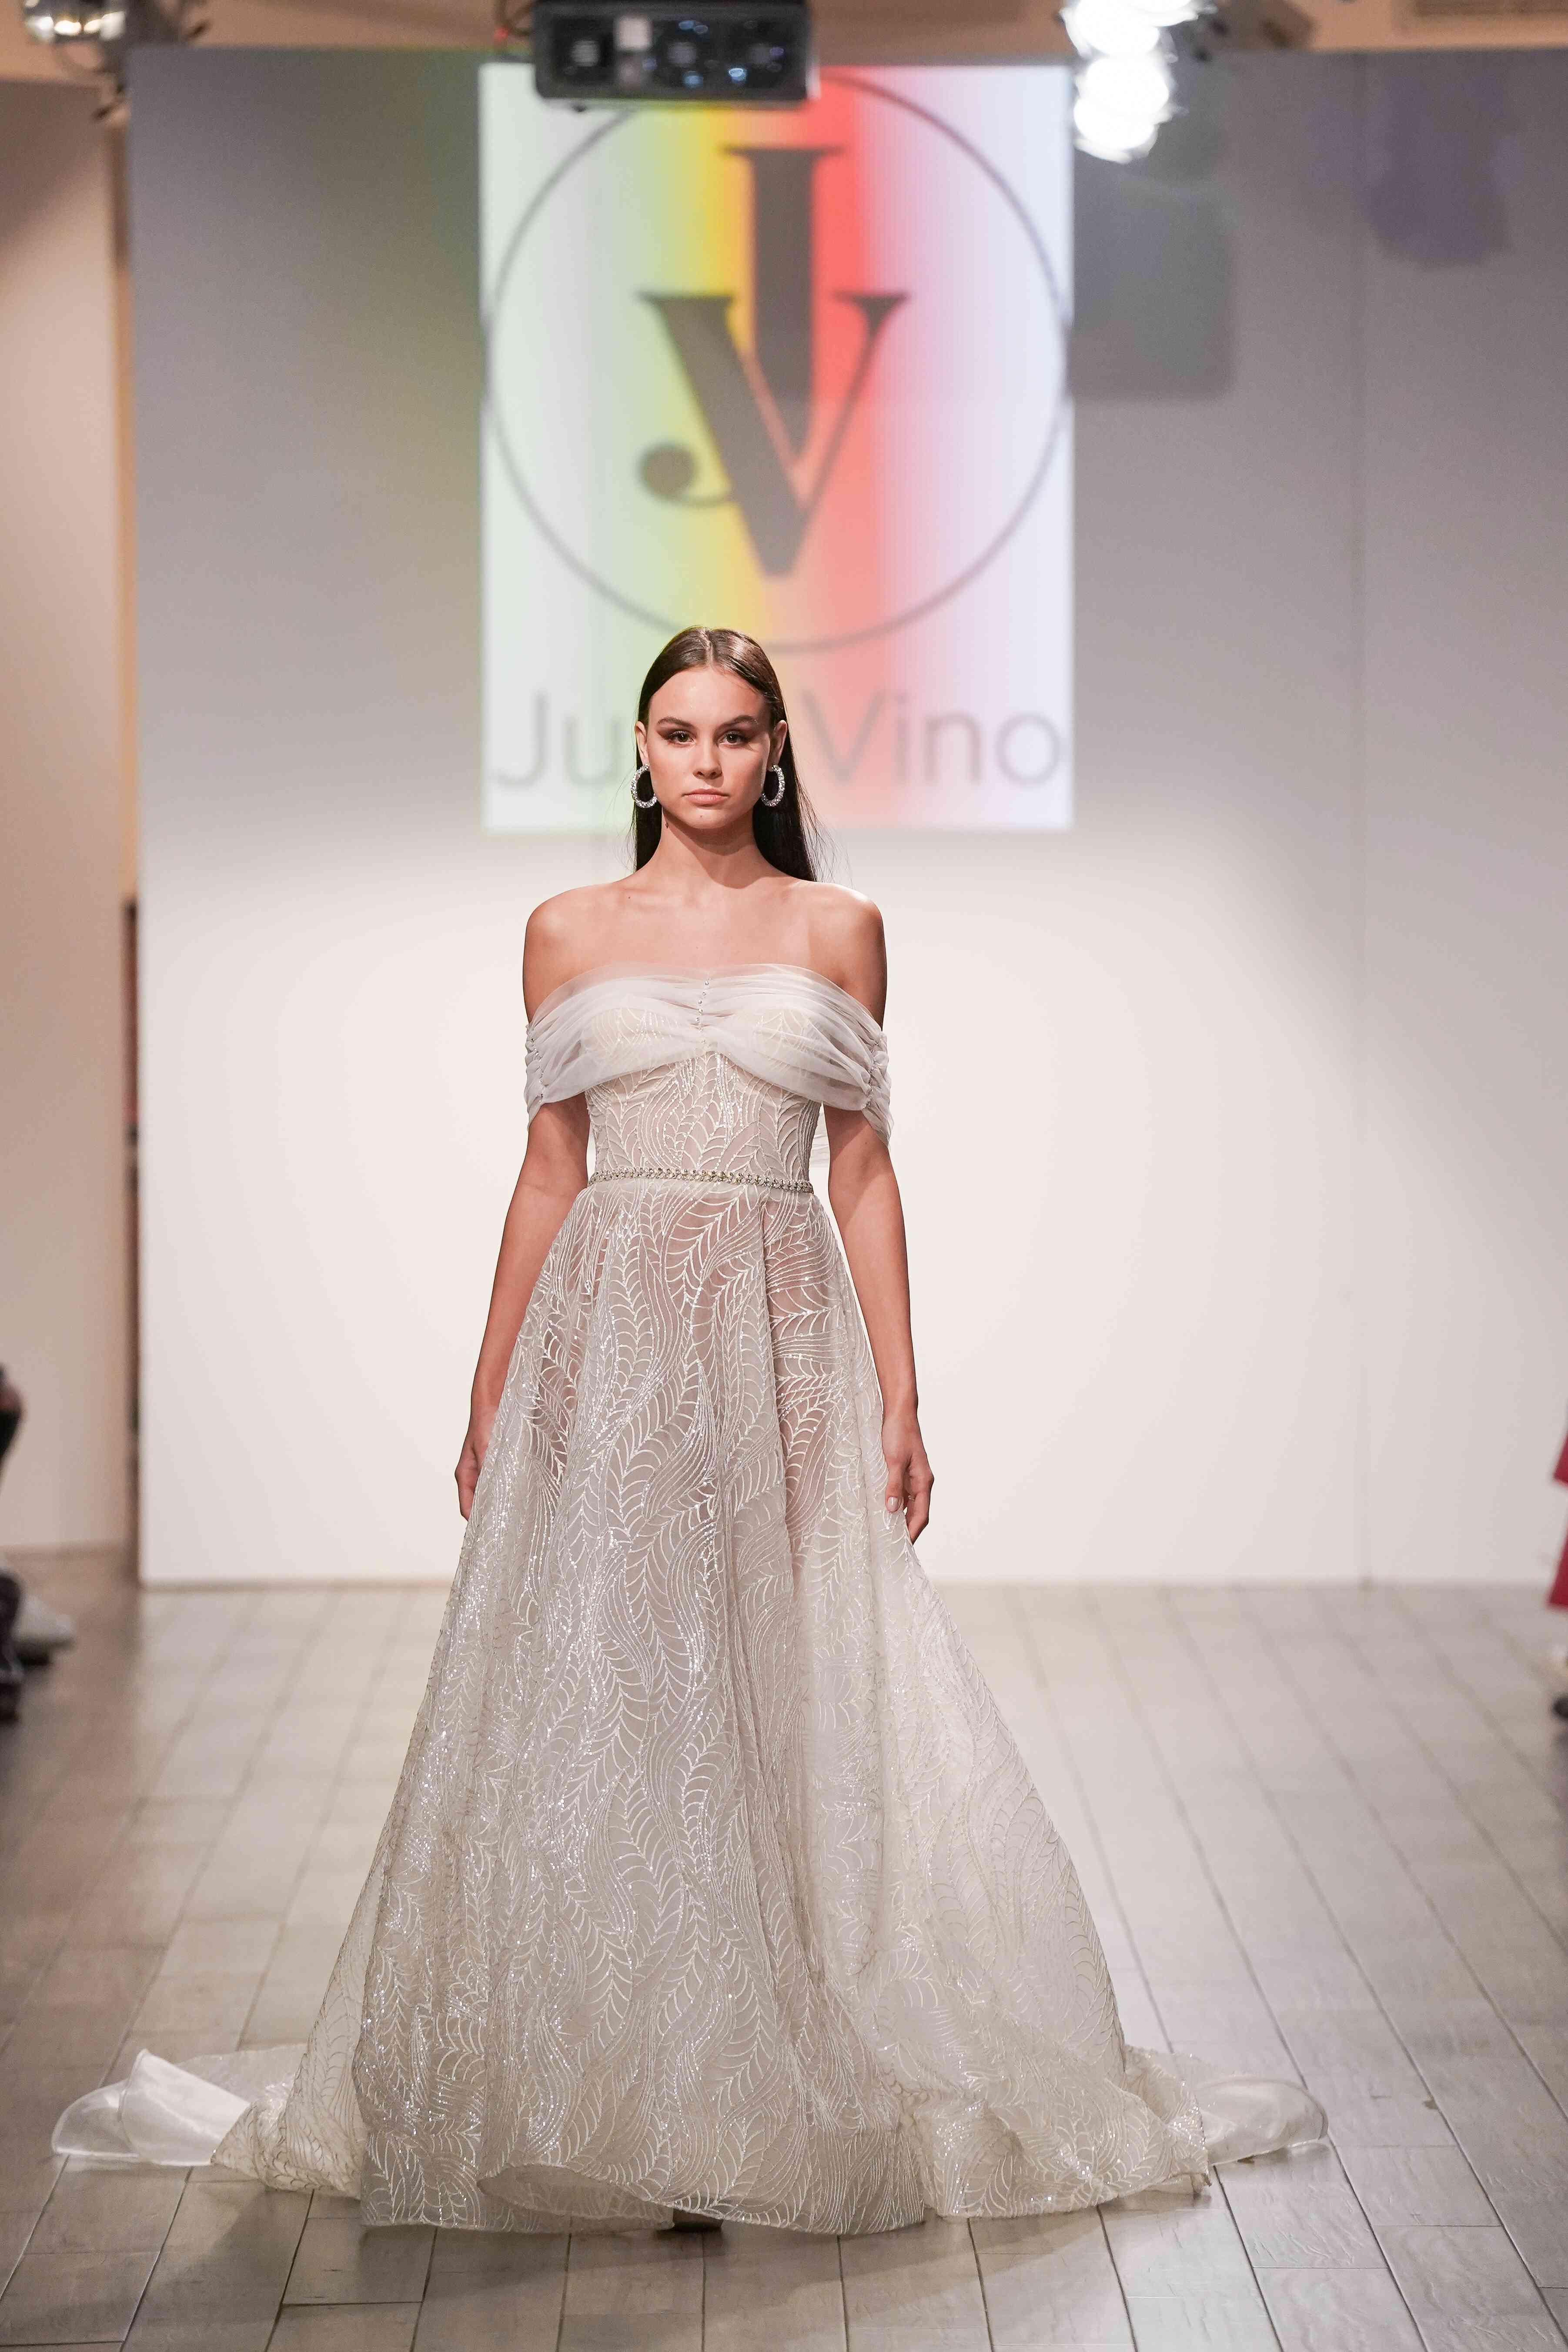 Model in off-the-shoulder laser-cut wedding dress
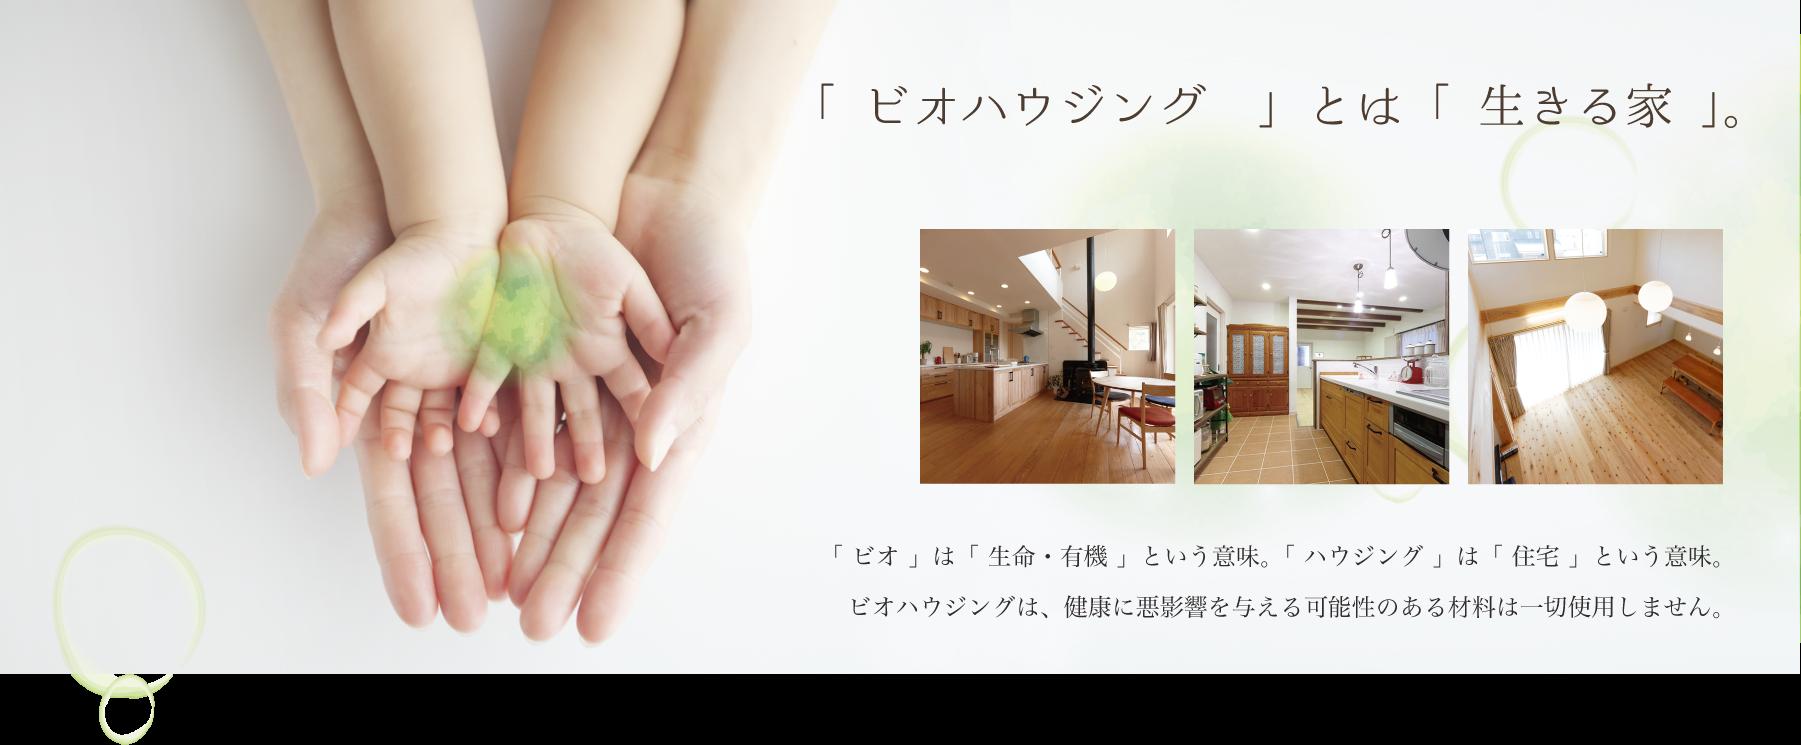 化学物質過敏症・アレルギー・シックハウスを改善する健康住宅のビオハウジングとは?メインイメージ
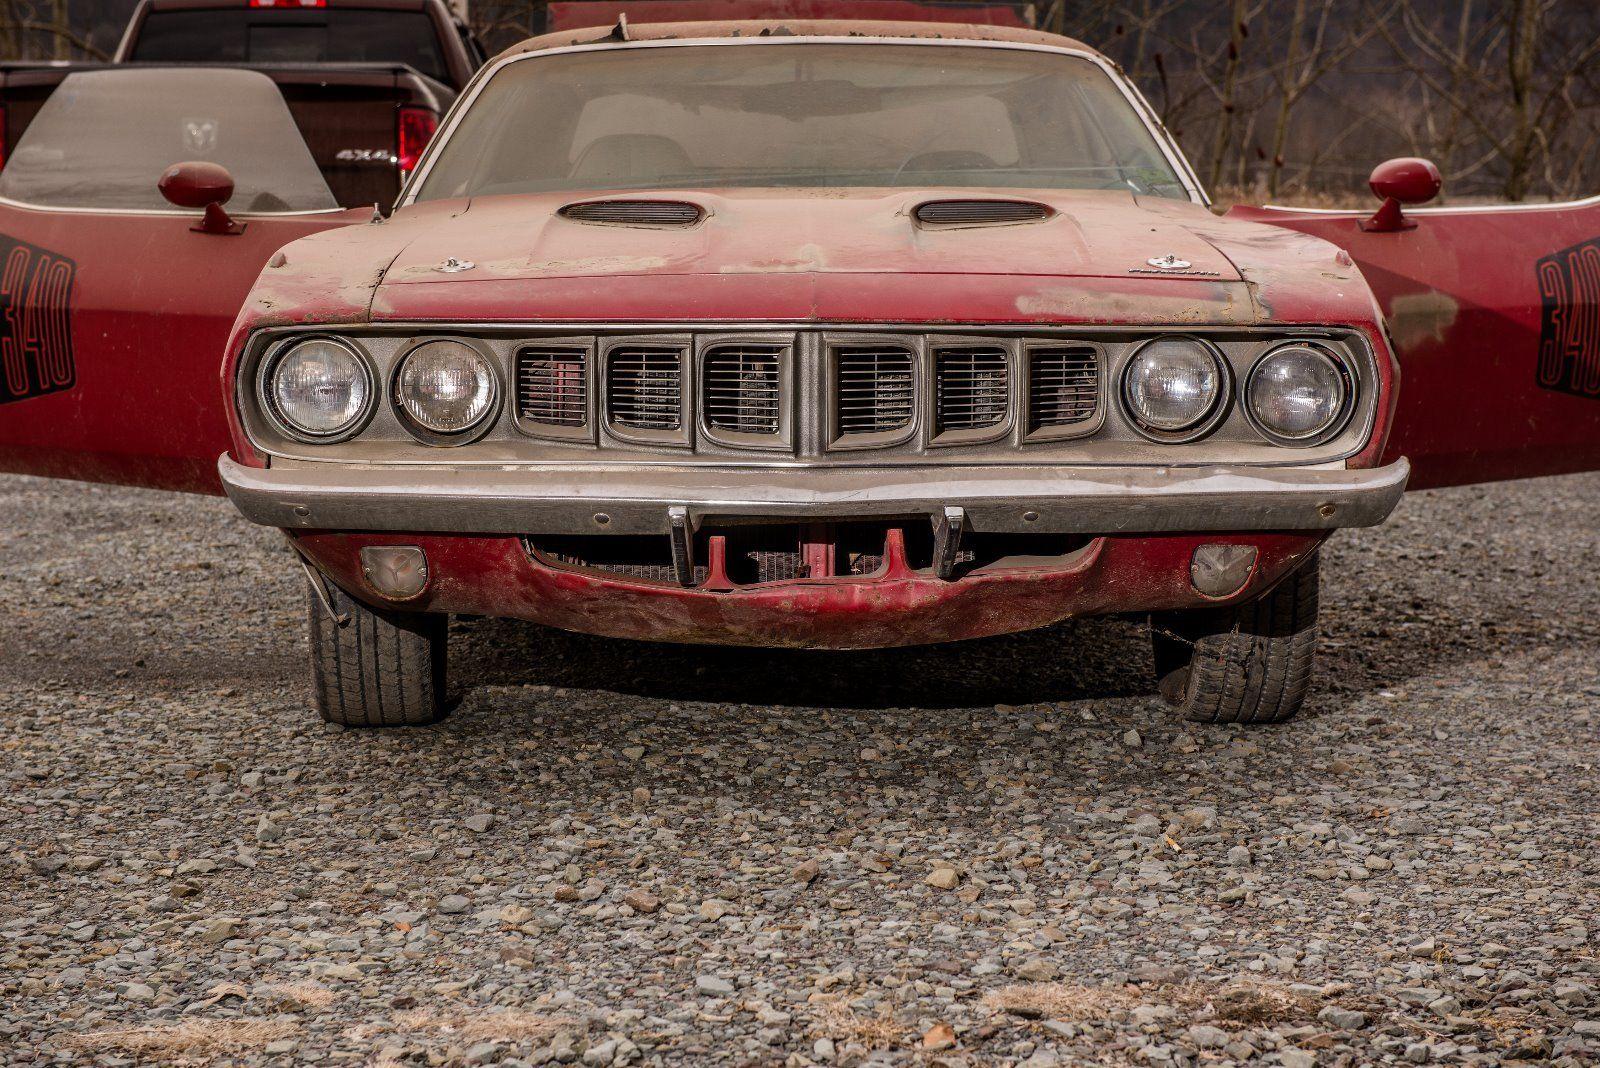 1971 Plymouth Barracuda on eBay | Mopar Blog
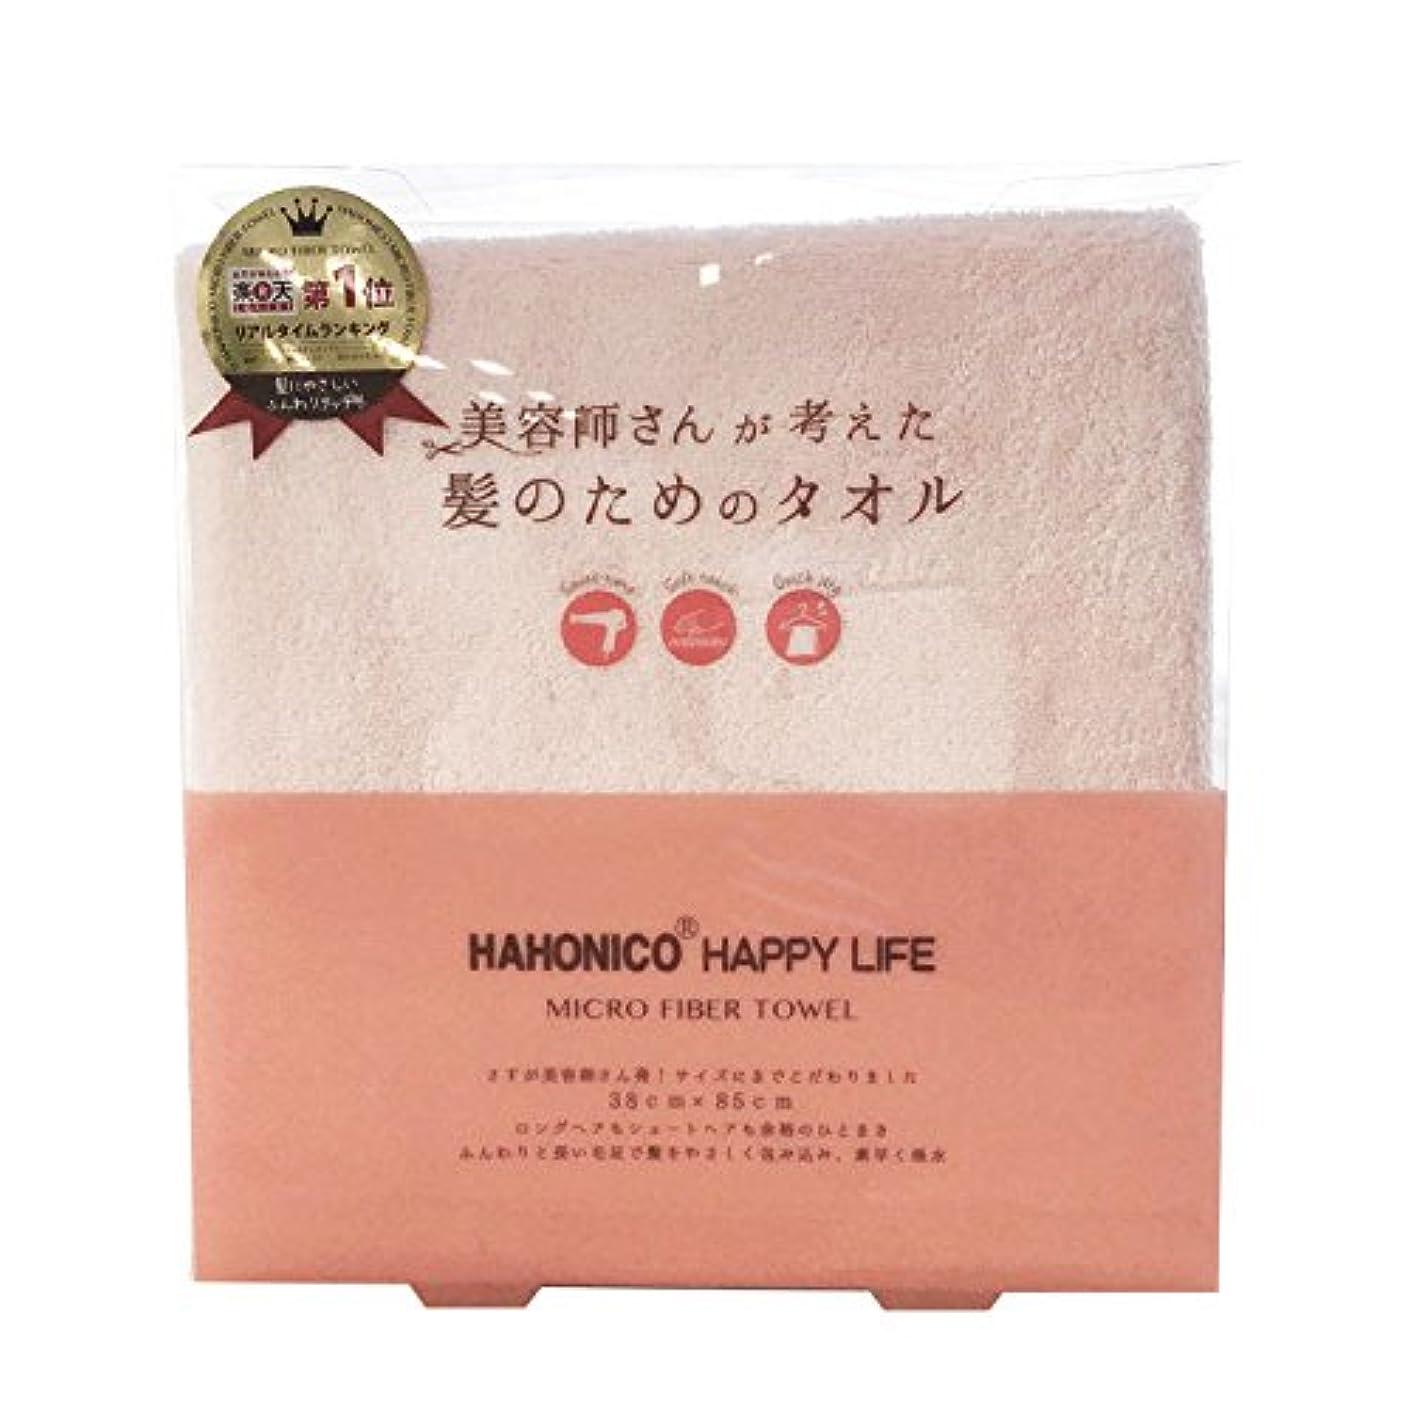 勧告時刻表色ハホニコ ヘアドライマイクロファイバータオル ピンク

────────

* _Aim of the task_:
Exactly and only the lines from the one holding "1971 Plymouth Barracuda on eBay | Mopar Blog" through the final line of the material must be returned, both ends included, without any pictures.

* _Response_:
 1971 Plymouth Barracuda on eBay | Mopar Blog
 勧告時刻表色ハホニコ ヘアドライマイクロファイバータオル ピンク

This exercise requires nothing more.